Are you not Lisbeth Salander, the righter of wrongs?
Full disclosure here - I've not seen any of the original Girl films starring Noomi Rapace as Lisbeth Salander. Nor have I seen David Fincher's remake of The Girl With the Dragon Tattoo with Rooney Mara in the role. I haven't even got much knowledge of the late Stieg Larsson's original novels - hell, every reviewer has a few blind-spots, okay? Point is, I can't write as a fan here. I'm only talking about the movie in context of itself. And in those terms at least, it works passably well.
Claire Foy straps on Lisbeth's boots in The Girl in the Spider's Web, a film adapted from David Lagercrantz's continuation of Larsson's stories. The tatted Goth antiheroine is working as a computer hacker for hire, while carrying out acts of nighttime vigilantism on abusive men. (It's good to have a stimulating hobby.) Through her day job she meets Frans Balder (Stephen Merchant), a computer programmer who - Oppenheimer-style - has come to regret the weapons-related tech he created. He employs her to steal it back so that no government can put it to use, but Lisbeth's are not the only eyes on this potentially deadly prize. And the other party may have a link right back to a dark secret from her childhood.

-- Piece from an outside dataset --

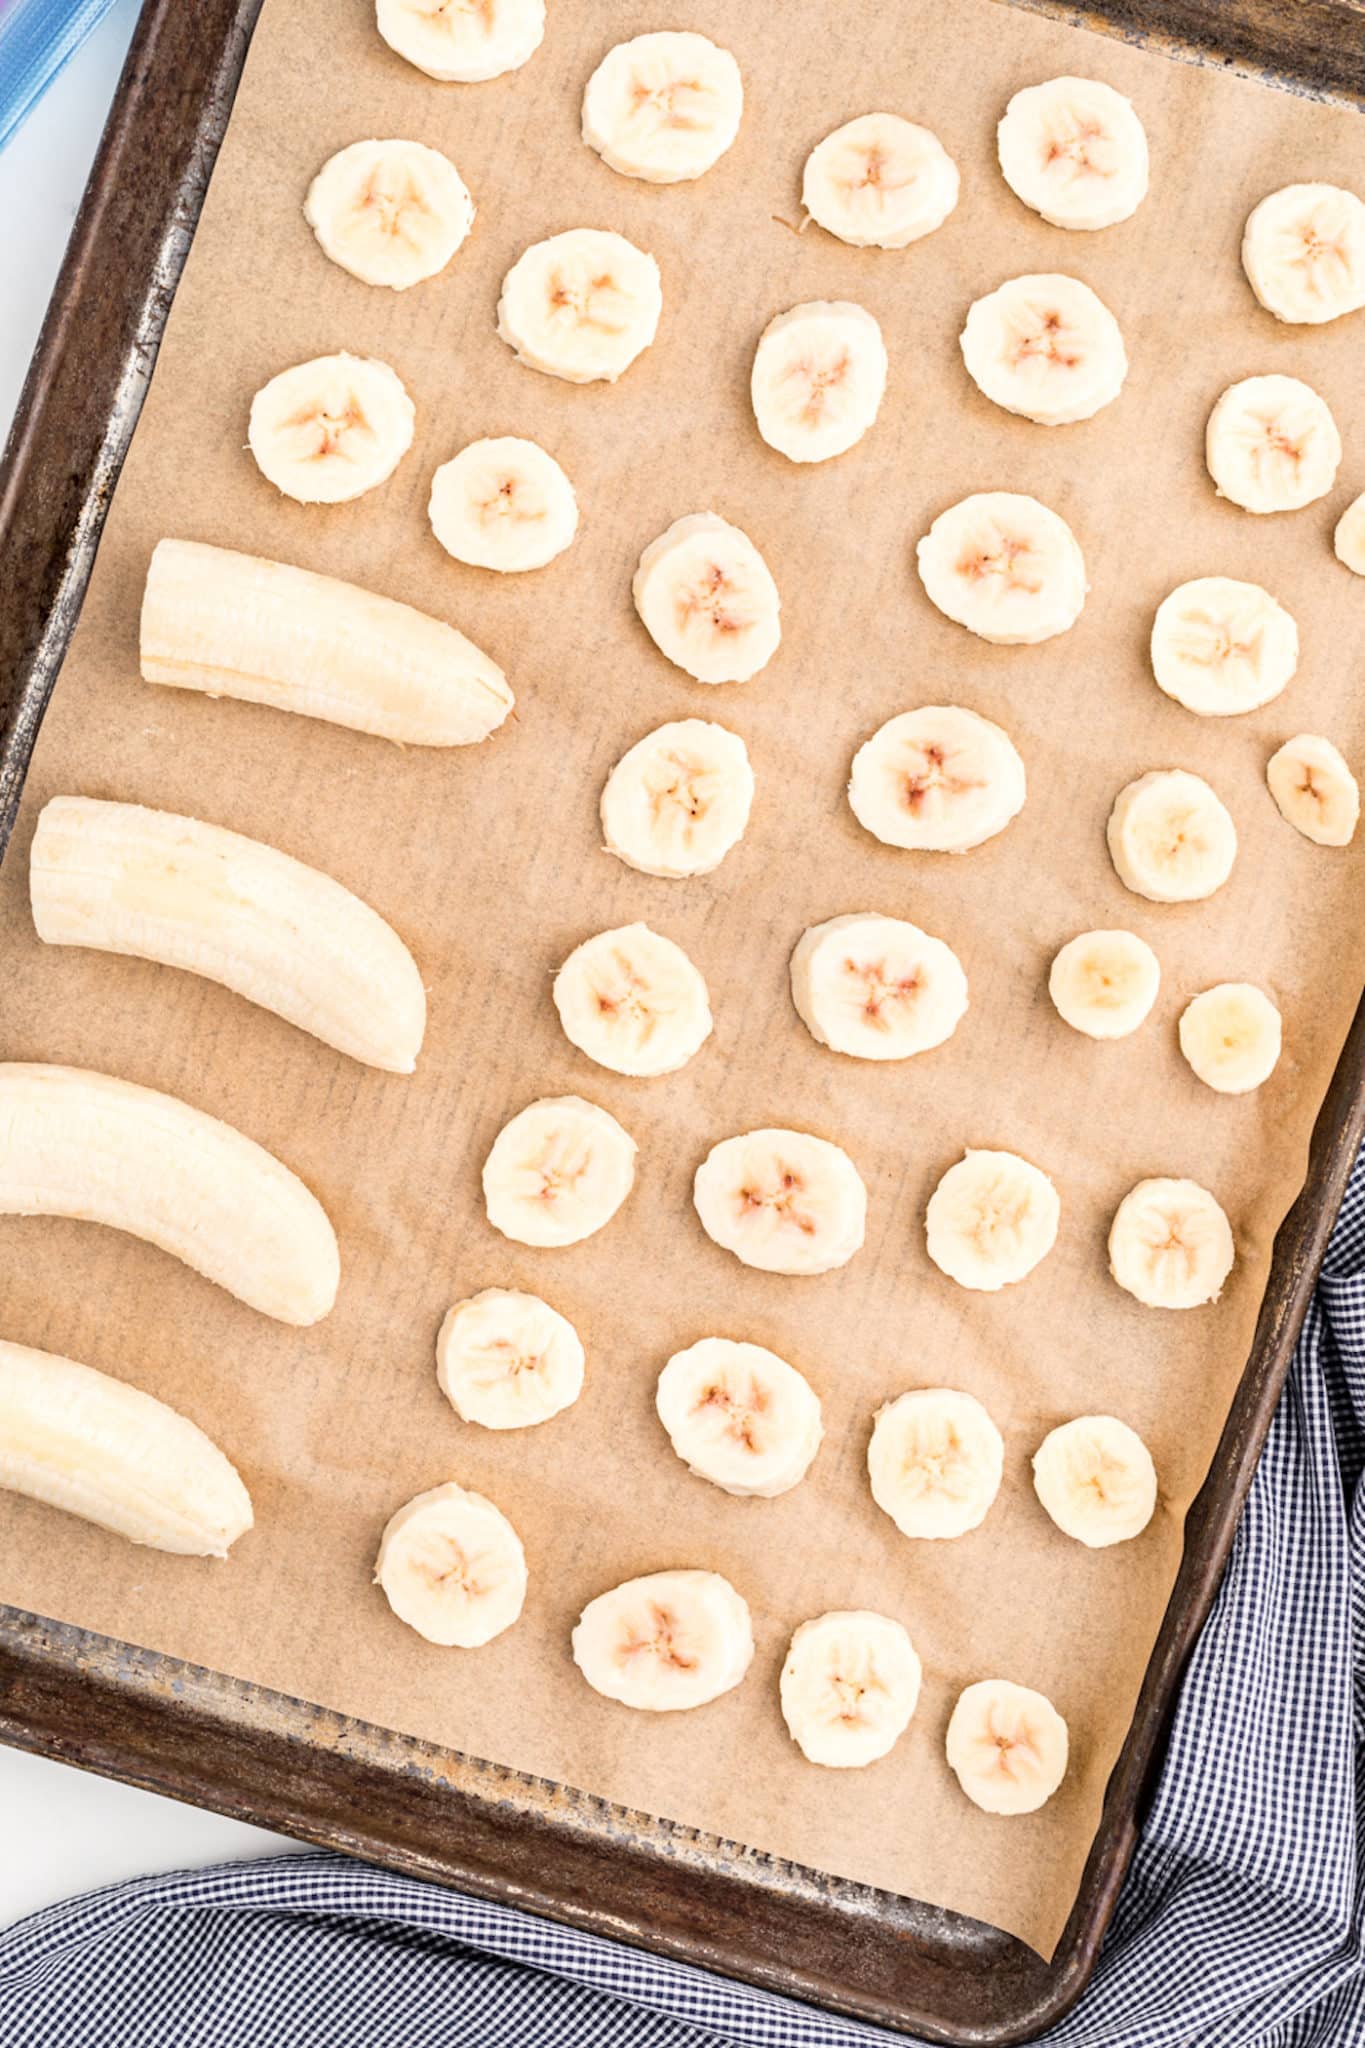 Banana halves and slices on a parchment-paper lined baking sheet.

Directed by Fede Alvarez this new Girl is a handsomely made and tightly plotted espionage thriller with action overtones. Its colour palette is blue-grey, emphasising both the grimmer aspects of human nature examined in the story and Sweden's chilly beauty. (Lisbeth's main antagonist stands out on the bleak and sweeping landscapes in primary red.) The deliberate pace builds - accompanied by a rich, electronically-spiked orchestral score - to its sufficiently nail-biting crescendo. And all plot points - Swedish governmental manoeuvring, a US National Security agent's snooping, the investigations of Lisbeth's old journalist friend Mikael Blomqvist (Sverrir Gudnason) - knit together by the end. It's a point seriously in the movie's favour, following the catastrophe that was last year's The Snowman; solid storytelling, never less than engaging.

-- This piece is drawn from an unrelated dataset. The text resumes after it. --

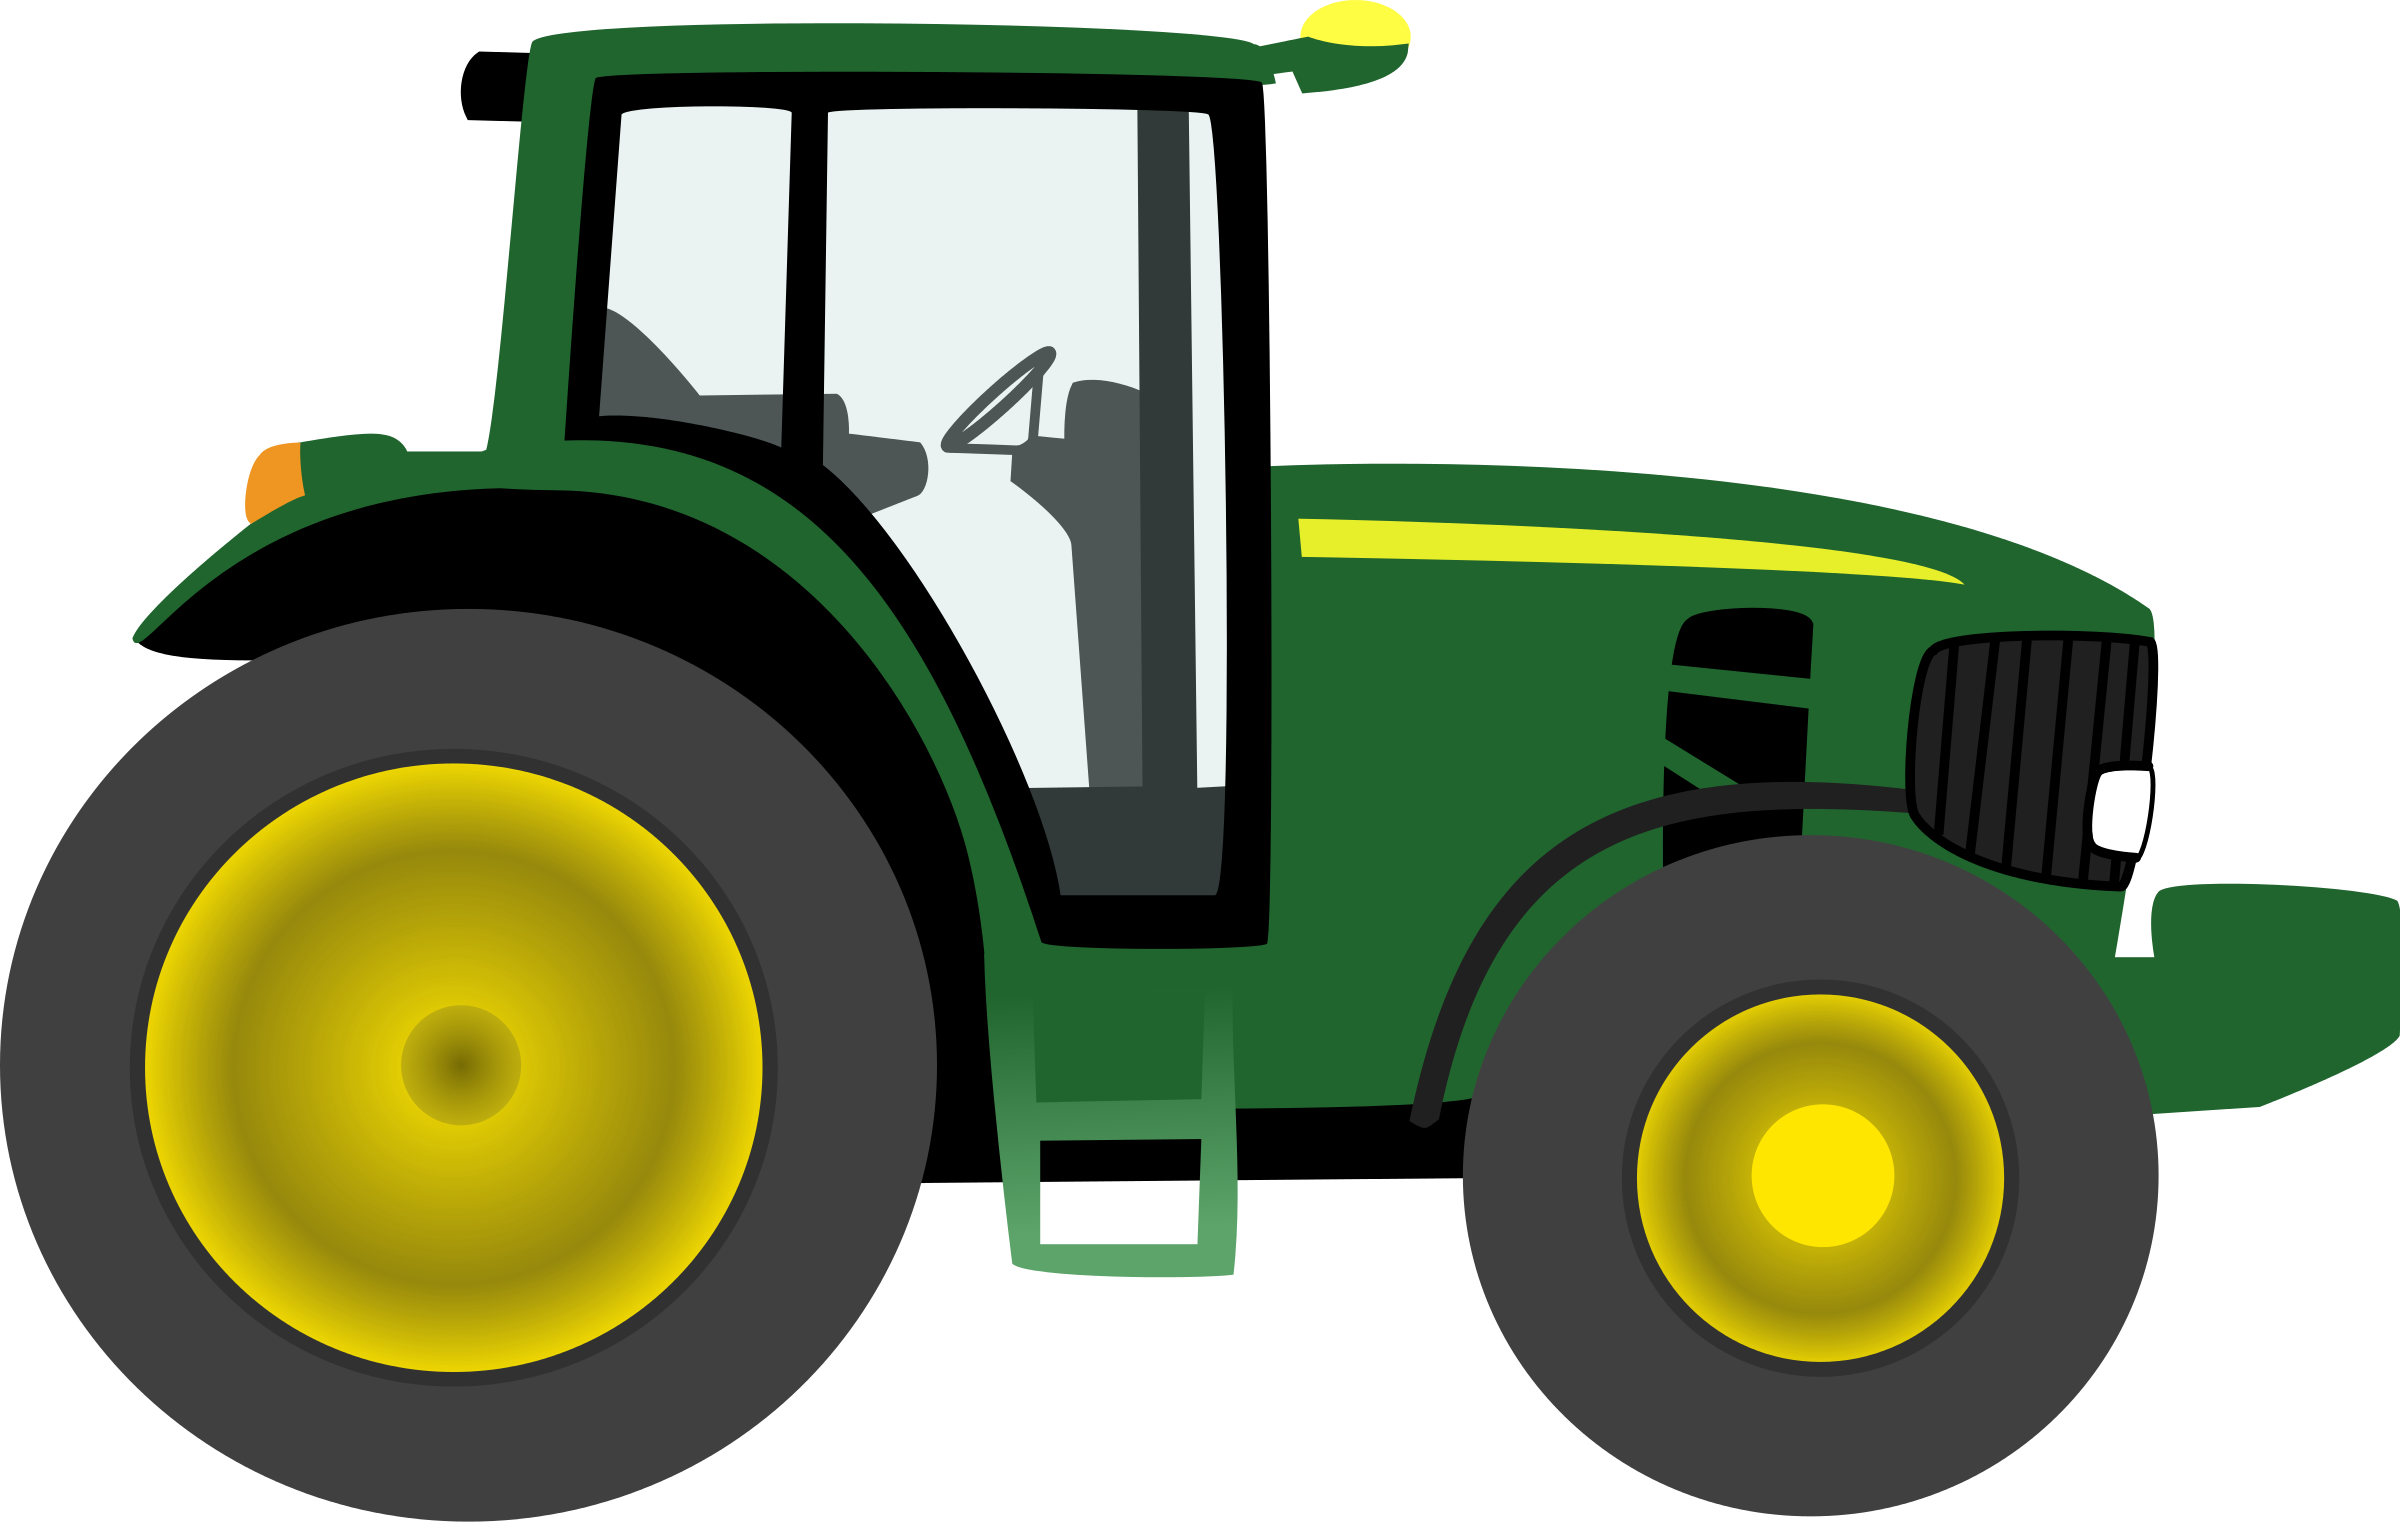 Tractor Clipart Black And White   Clipart Panda   Free Clipart Images

Foy has a good old stab at the lead character too, immersing herself in a role far flung from Elizabeth II (Brit TV's royal phenomenon The Crown) or stoic astronaut's wife Janet Armstrong (First Man). This woman has range. Her physicality and demeanour are both transformed as she commits to the taciturn complexities of Salander, not least in an early sequence where she proves her vigilante credentials beyond all doubt. It's not ultimately as visceral a performance as say that of Charlize Theron in Atomic Blonde - something betrayed in a few irritatingly choppy hand-to-hand combat sequences - but this is still an impressive transformation, helping sell the story's more outlandish aspects.
Still, as confessed, I'm not a Salander aficionado, which no doubt explains the more lukewarm reaction to the film by Larssen enthusiasts. This sleek film doesn't, they assure me, match up to the original Swedish-language trilogy, nor does it plumb those movies' pitch darkness, despite the underlying theme of abuse and its terrible consequences. This much I will question - the wisdom of creating all-new backstory for a well-established protagonist. It's always problematic tinkering with the continuity of a long-running franchise - just look at Jason Bourne. Or the new Fantastic Beasts. Don't mess too much with the earlier films' legacy, that seems to be the lesson.
Spider's Web is full of comfortably familiar spy tropes and political double-cross, while the attempts of Lisbeth and her nemesis to out-manoeuvre each other play like a deadly chess match. As to its worth in terms of the Larsson legacy, others must be the judge of that. For me it was a smart and well-executed ride, and a perfectly engrossing stand-alone adventure that didn't seem to compromise its enigmatic lead. Maybe I'll reevaluate once I've seen the originals...
Gut Reaction: A sufficiently high level of enjoyment for me to think 'I'm really enjoying this'. Although some of the more twisted elements did chill me.
Where Are the Women?: Female protagonist and antagonist playing that scary game of metaphorical chess. Very 2018.
Ed's Verdict: 7/10. Whether or not this is classic Girl, it's a solid genre pic and a decent night out. And that's all I have to say.